Di
sana dua sejoli berjanji merajut asa. Di bawah pohon tua, di tepi dermaga. Aku
intip dengan seksama, dari sini dalam lumpur berwarna coklat tua. Ah, mereka
tak pantas disebut dua sejoli, mereka adalah dua kanak-kanak kecil yang
berlari. Berlari ke sana, ke mari, sambil bernyanyi. Mereka tampak bahagia
sekali, berkejar-kejaran di bawah naungan pohon-pohon menari.
Hamparan
rumput bak permadani, mealasi kaki-kaki mungilnya. Ilalang melambai setinggi
betisnya, sepoi-sepoi ditiup angin, menerbangkan kapas putih. Amboi, indahnya…
kapas-kapas putih itu mendarat di tubuhku. Gadis kecil dan teman lelakinya
masih terus berlari, wajah mereka berseri, menangkap kapas-kapas putih.
“Adel…
Angga… sini!” Ibu mereka memanggil.
Seketika
dua kanak-kanak kecil itu berlari ke arahku, berjalan di sampingku. Ibu mereka
sudah menunggu di tengah pematang sawah, menghalau cicit-cicit burung.
Burung-burung pipit itu membubung ke angkasa, mereka takut menghadapi dua
kanak-kanak kecil yang mulai ‘liar’ itu.
“Angga…
Adel… hati-hati, nanti kalian masuk ke lumpur.” Anak-anak itu tertawa
cekikikan.
“Ayo…
Bang Angga, tangkap burungnya, yah… gak dapat.” Gadis mungil bergaun biru itu
menarik baju yang dipanggilnya Abang.
“Iya
tunggu Dek, Burungnya banyak banget, Hap.” Kakinya tergelincir, membuat sebelah
badannya terbenam lumpur.
“Hahaha….”
Si kecil malah ketawa.
“Astaghfirullah,
Angga… Ibu bilang juga apa, sini…!” Perempuan tiga puluh tahunan itu menarik
bocah laki-laki yang wajahnya berlumpur separoh. Ia nyengir.
“Kalian
duduk saja di sana!” Perempuan itu menunjuk ke arah pohon duku yang menancap di
pinggir sawah.
“Tapi
awas, jangan main ke sumur!” Perempuan itu merasa was-was, tatkala diingatnya
kalau di dekat pohon duku ada sumur kecil tapi cukup dalam yang biasa
digunankan petani sawah untuk bersih-bersih.
Setelah
dua bocah bersantai di bawah pohon duku, perempuan bersarung itu kini ‘bertugas’
dengan tenang. Ia mengelilingiku sambil bersorak.
“Huu…
Haaa…! Huu… Haaa…!” Pipit-pipit langsung berhamburan mendengar teriakan itu.

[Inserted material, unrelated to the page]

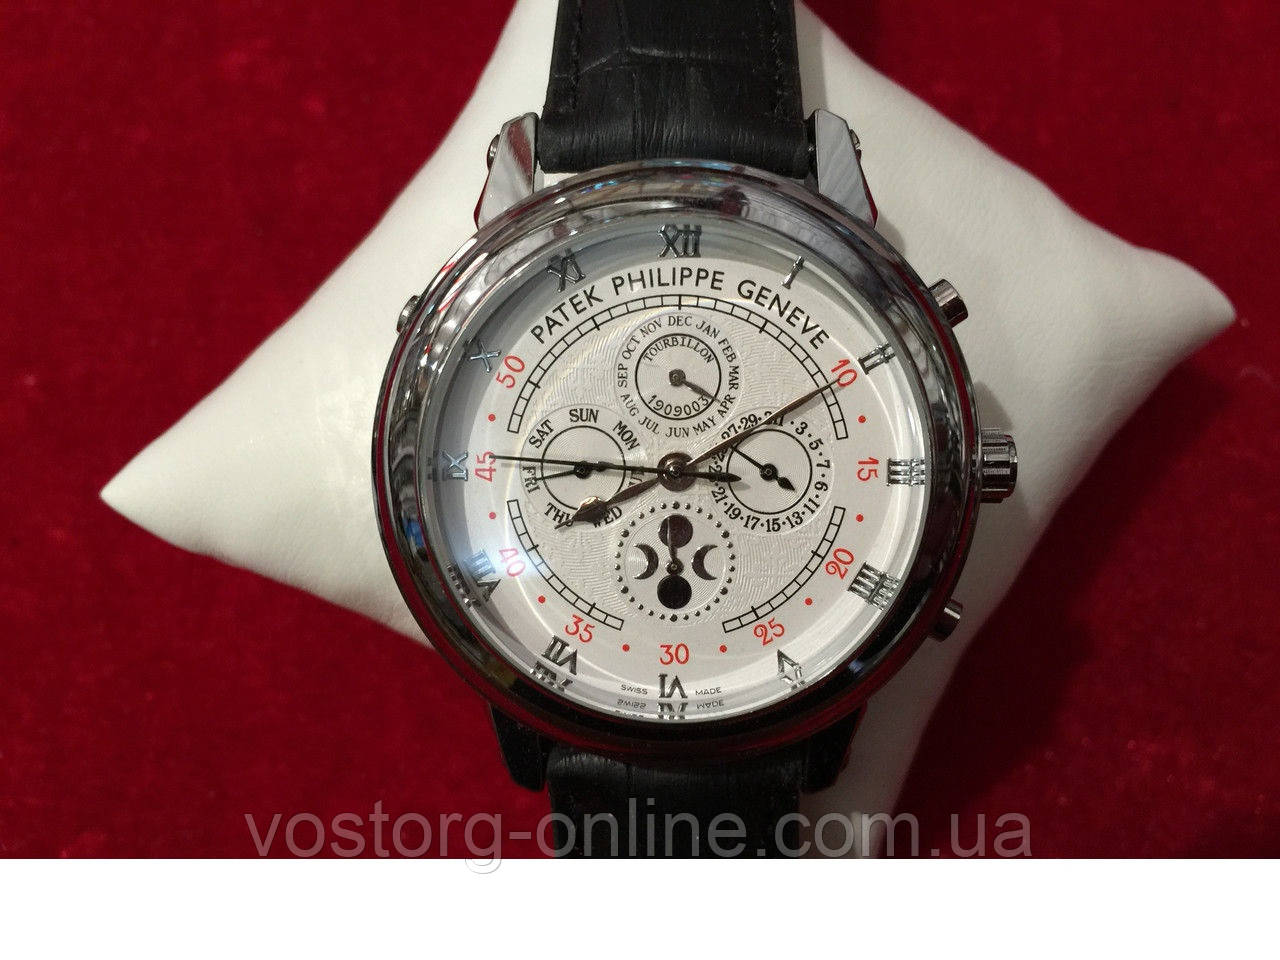 8f40dc2c ЧАСЫ PATEK PHILIPPE SKY MOON TOURBILLON , женские часы, механические часы, наручные  часы,

Tapi pipit yang lihai malah hinggap di sebelah padi yang lain. Dihalau lagi,
pindah lagi. Begitu seterusnya, hingga
perempuan ini mulai berkeringatan, dan senja mulai menguning. Pipit-pipit masih
saja belum puas, ia terus mematok-matok padi yang sudah mulai menguning. Untung
aku tidak ikut terpatok.
“Ma…
udah belum?” Si kecil yang cerewet berteriak.
“Bentar
lagi sayang, kita tunggu pipit-pipitnya pulang dulu, baru kita pulang.”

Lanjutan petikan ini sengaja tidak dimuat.